TG4001 and Avelumab Combo Shows High Efficacy against HPV-Positive Cancer

Release Date: 03-Oct-2019

On 30 September 2019, a safety and efficacy data of TG4001 in combination with avelumab (BAVENCIOandreg;) is presented by Transgene, a biotech company. Transgene is known to designs and develops virus-based immunotherapeutics against cancer. According to the data, Avelumab shows prominent effects in HPV-16+ recurrent or metastatic malignancies (including oropharyngeal cancers). 

The Phase 1b data have been presented by Transgene in a poster at the European Society for Medical Oncology (ESMO) 2019 Congress in Barcelona, Spain. TG4001 is a therapeutic vaccine based on a Vaccinia vector (MVA). It is engineered in such a way that it starts expressing HPV-16 antigens (E6 and E7). During the previous trials, TG4001 has been administered to more than 300 individuals, indicating good safety, significant HPV clearance rate and promising efficacy results. Avelumab is a human anti-programmed death ligand (PD-L1) antibody.

Further, in the Phase 1b part of the trial, one of the two tested doses of TG4001 combined with a fixed dose of avelumab is introduced into 9 heavily pretreated patients.
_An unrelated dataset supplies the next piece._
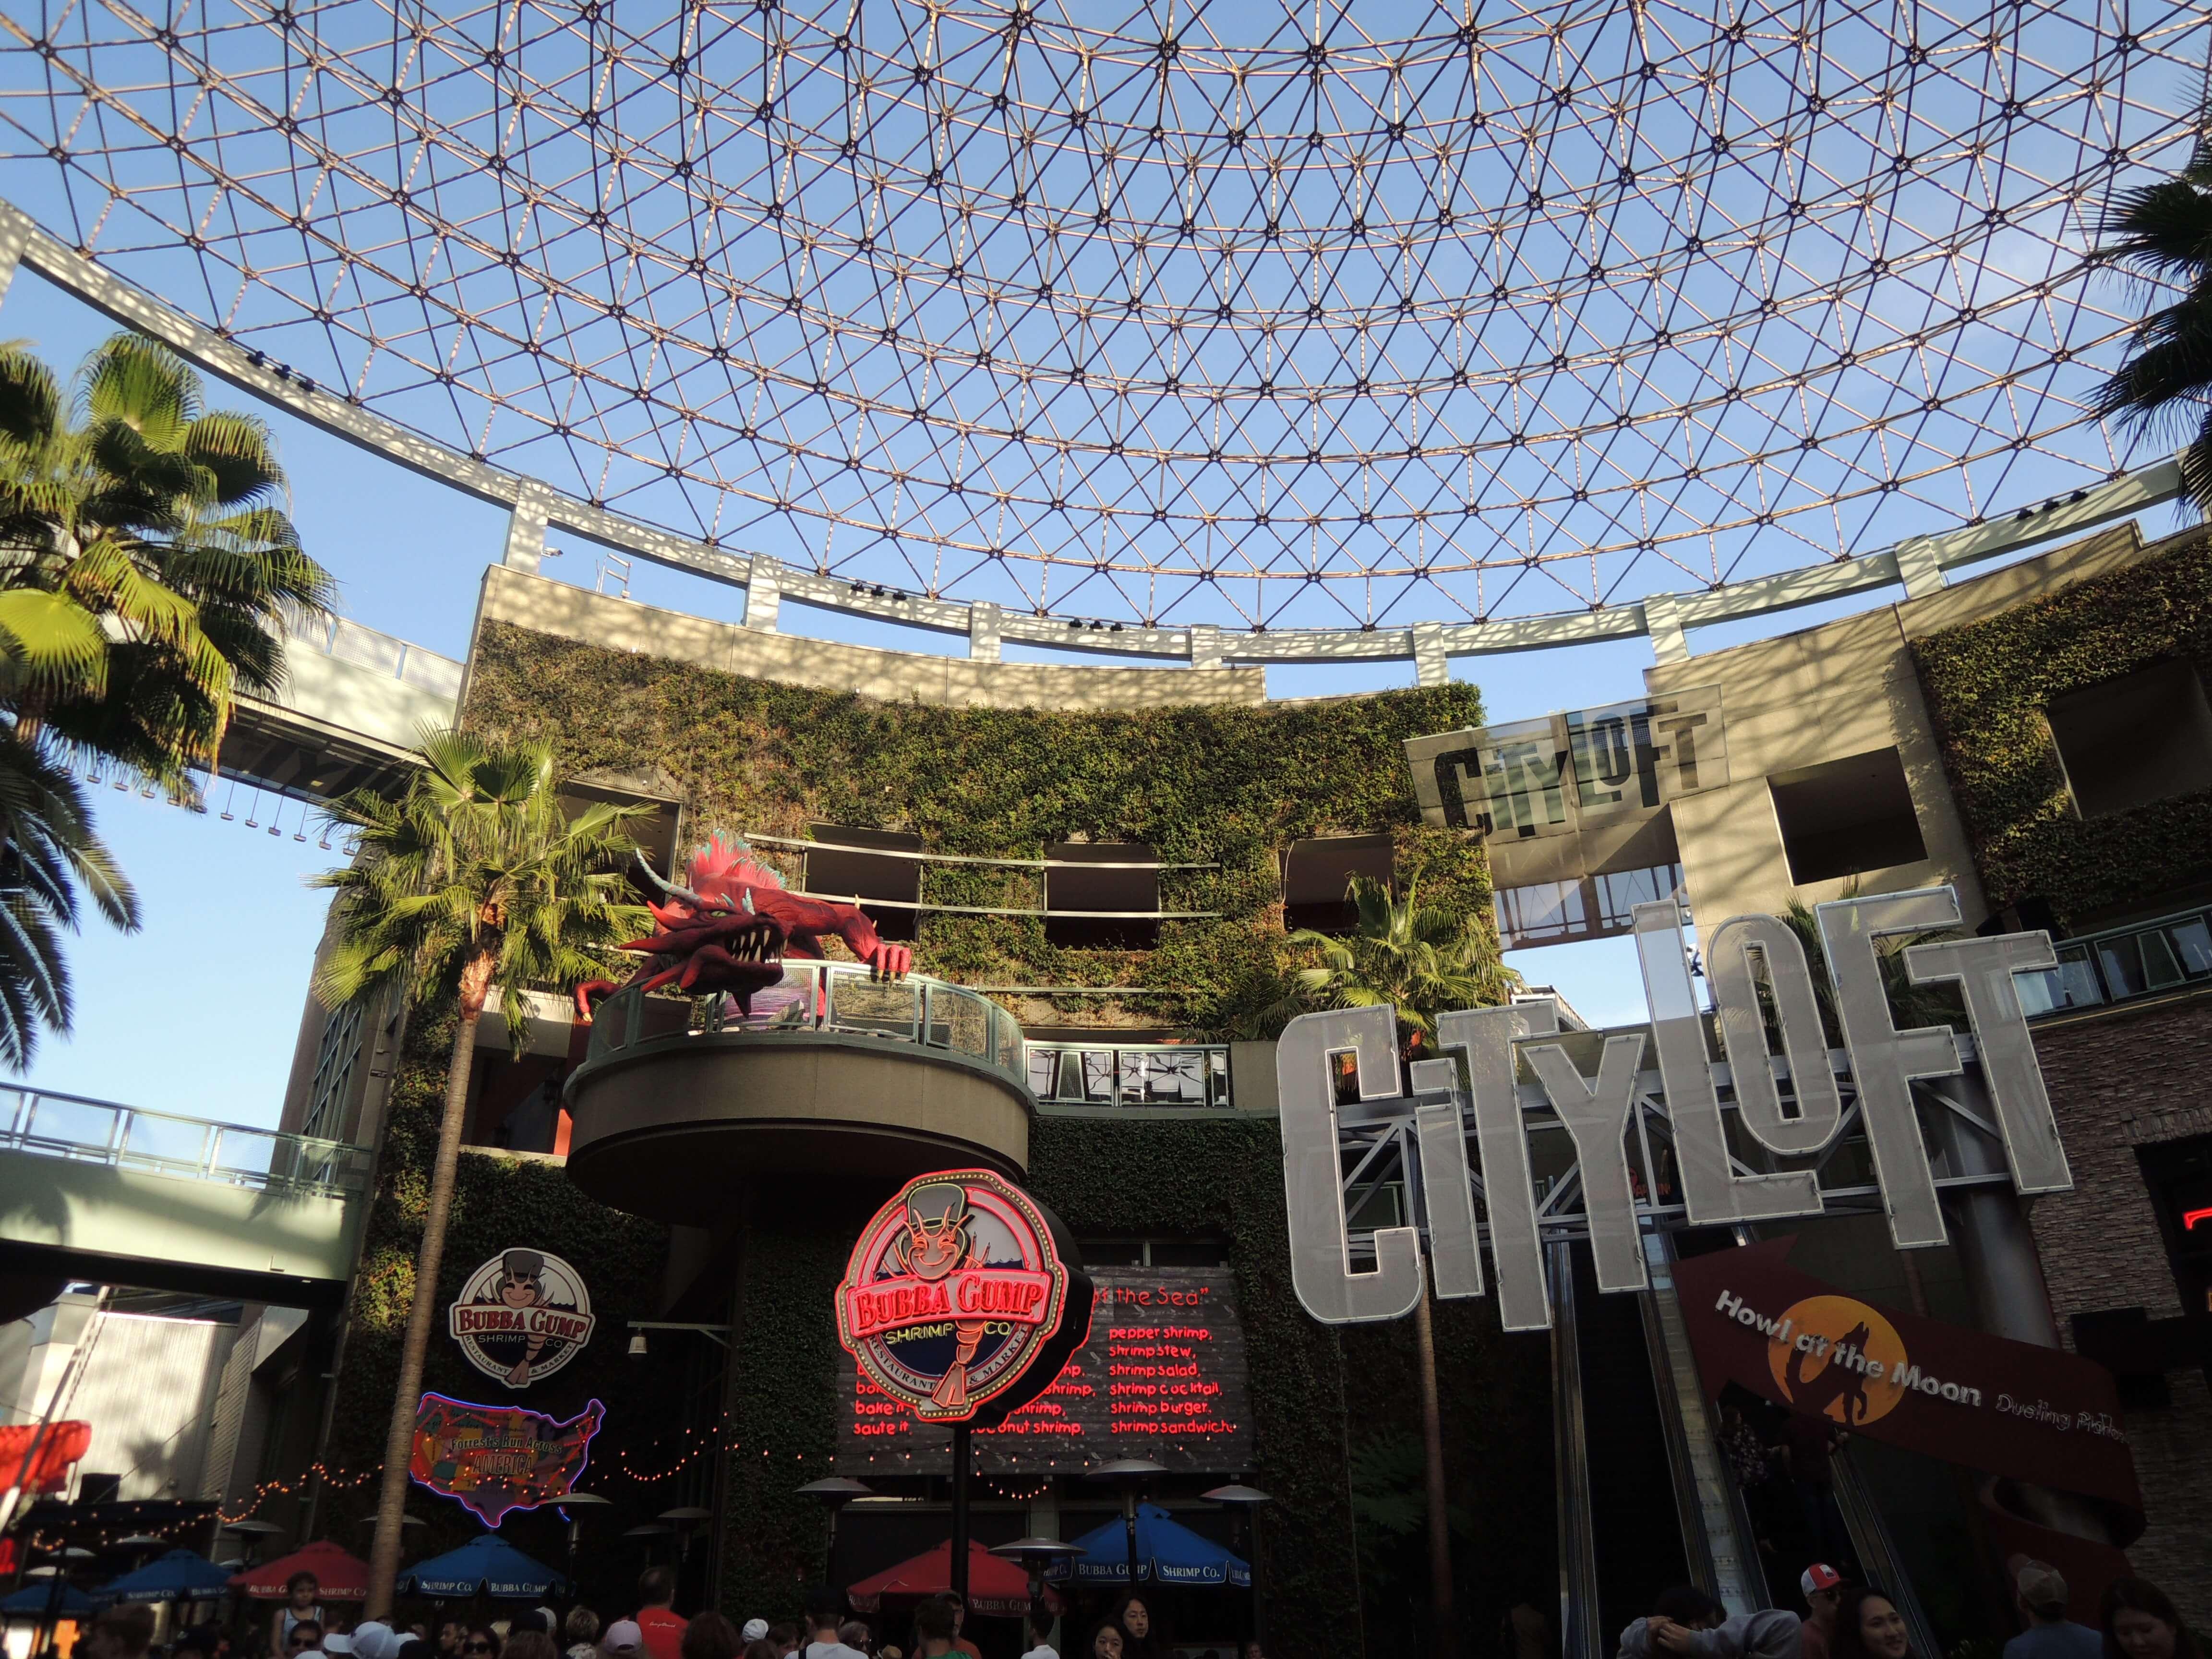 ⭐️ #CityWalk à Universal Studios d'Hollywood ! Sur Goodie Mood, le blog Feel Good d'une française expatriée à Los Angeles. #universalstudios #hollywood #californie #expat #LosAngeles #Attraction #Parc

The Phase 2 part of the trial started in October 2018 and will enroll 40 patients. The trial is conducted for evaluating safety and tolerability as well as the anticancer activity of the combination. The trial is multi-center, open-label trial with approximately 50 patients of HPV-16 positive cancers who had failed at least one line of systemic treatment.

According to the Dr. Maud Brandely, MD, PhD, Chief Medical Officer of Transgene, These Phase 1b results with a combination treatment regimen containing TG4001 are promising. In this heavily pretreated population, the quality of the responses, in particular the duration of the responses, and the immune changes in the tumor, give us great confidence that we will see a positive outcome from the ongoing Phase 2 part of the trial.
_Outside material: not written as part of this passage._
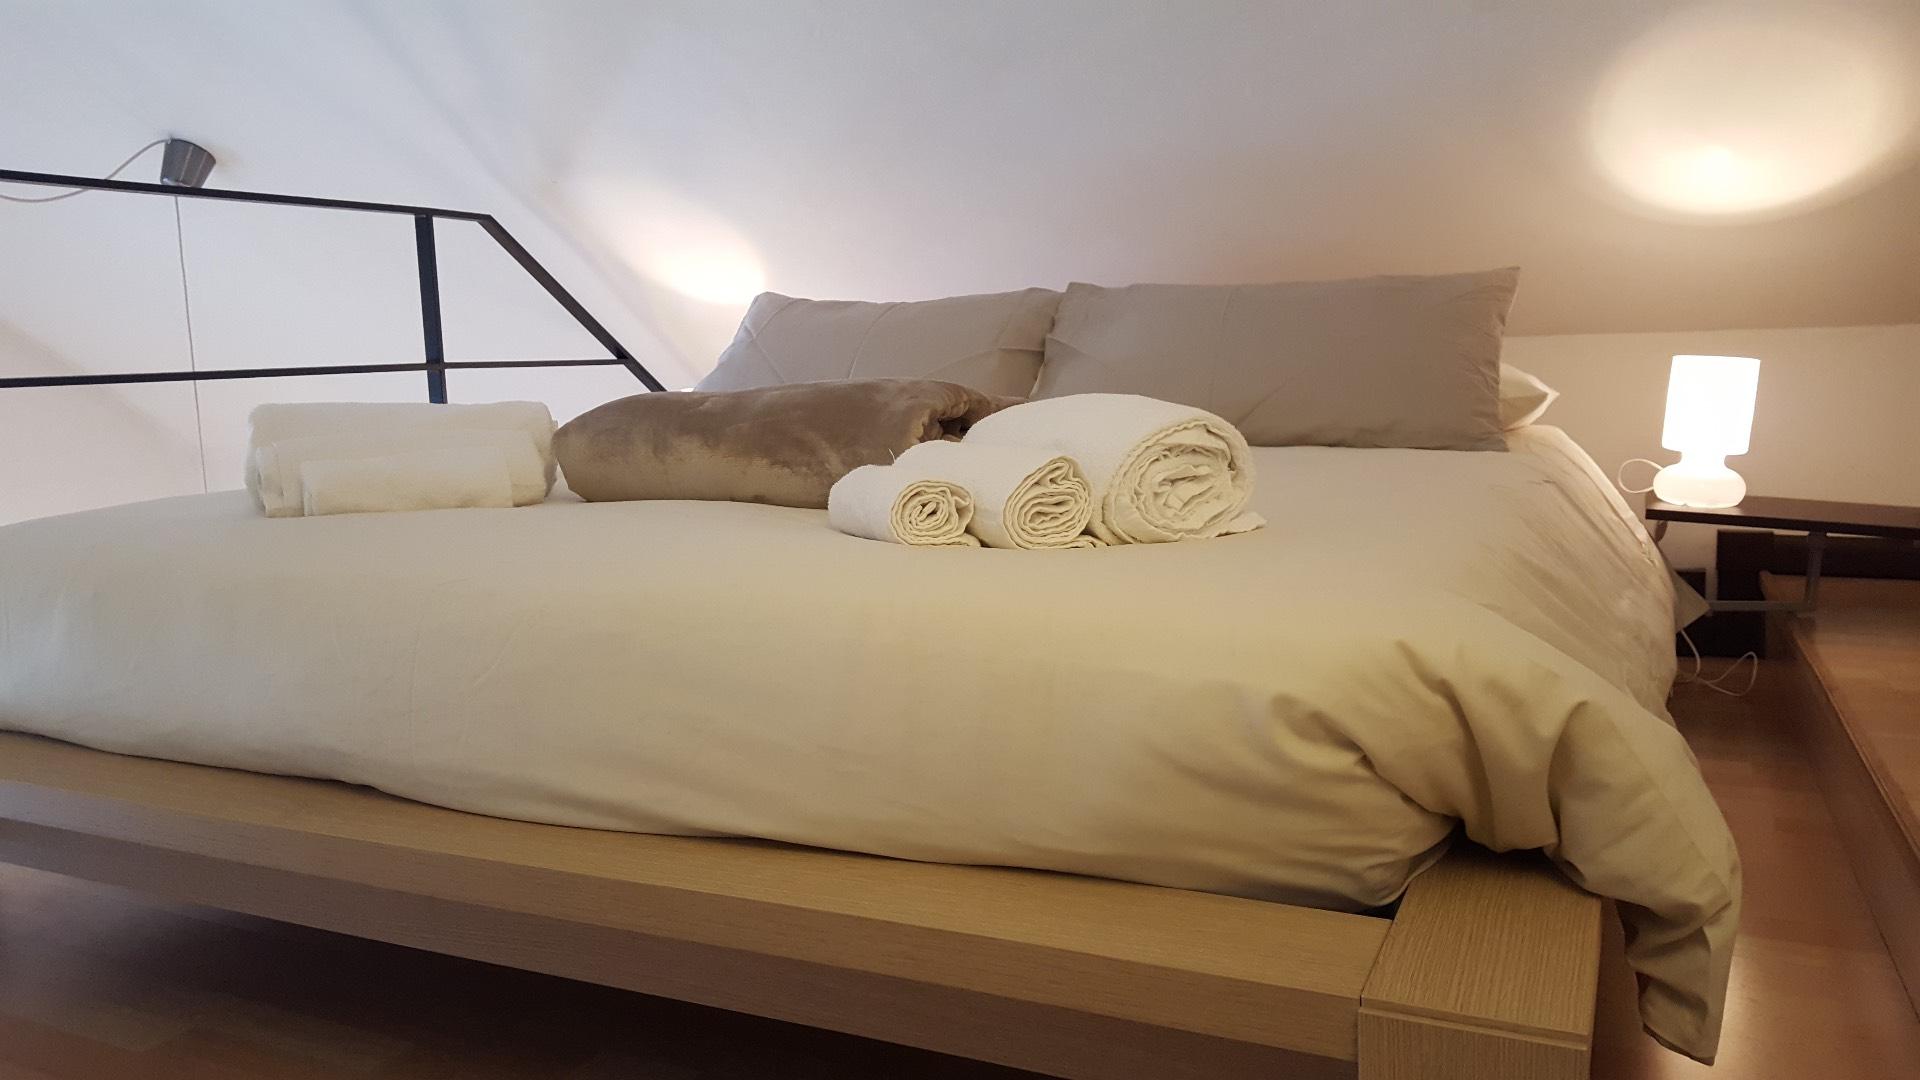 Appartamento in affitto a Verona, 1 locali, zona Località: BorgoRoma, Trattative riservate | CambioCasa.it

He also added in his comment “the results also confirm our conviction that a HPV-16 targeted therapeutic vaccine would be able to stimulate the immune response, and can advantageously be combined with an immune checkpoint inhibitor. Based on these results, I believe that the combination of TG4001 and an ICI could potentially offer a much-improved treatment option than single agent immune checkpoint inhibitor for patients with HPV-16+ recurrent or metastatic malignancies. Patient accrual in the Phase 2 part of the trial is in line with our expectations and the next clinical readout is expected in 1H 2020.”